Question 9 – Galvanic and cell potential

(a)

(b)
Oxidation: \(Zn_{(s)} → Zn^{2+} + 2e^-\)
Reduction: \(Cu^{2+} + 2e^- → Cu_{(s)}\)
Net ionic equation: \(Zn_{(s)} + Cu^{2+} → Zn^{2+} + Cu_{(s)}\)

(c) \(E_{\text{cell}} = 0.76 + 0.34 = 1.10 \ V\)

(d) The salt bridge completes the circuit and prevents the build-up of charge.

Question 10 – Rate of reactions

(a) \(2Al_{(s)} + 6HCl_{(aq)} → 2AlCl_{3(aq)} + 3H_{2(g)}\)

(b) The independent variable is the concentration of hydrochloric acid, and the dependent variable is the reaction rate.

(c) According to collision theory, the reaction rate is dependent on the frequency of effective collisions. An effective collision occurs when reactant molecules collide with sufficient energy (greater than or equal to the activation energy) and correct orientation.
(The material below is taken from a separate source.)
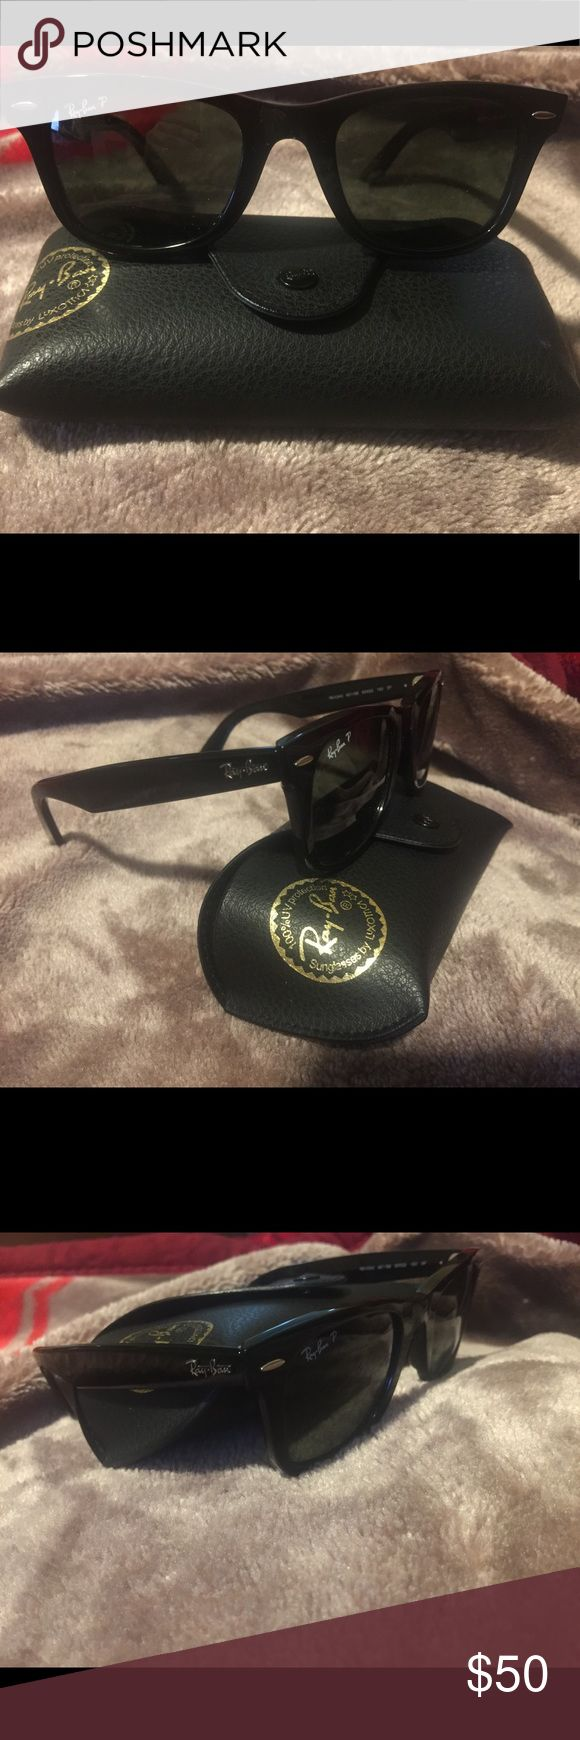 Ray Ban Original Wayfarer Black Black Original Wayfarer *women's?* / In excellent condition / Selling with case Ray-Ban Accessories Sunglasses

In this investigation, as the concentration of hydrochloric acid increases, the likelihood of an effective collision between hydrochloric acid and aluminium increases, thereby increasing the rate of reaction.

(d) As temperature increases, the kinetic energy of the particles also increases. As a result, reactant particles collide with a higher frequency and a higher average kinetic energy. Thus, the number of effective collisions increases, leading to an increased reaction rate.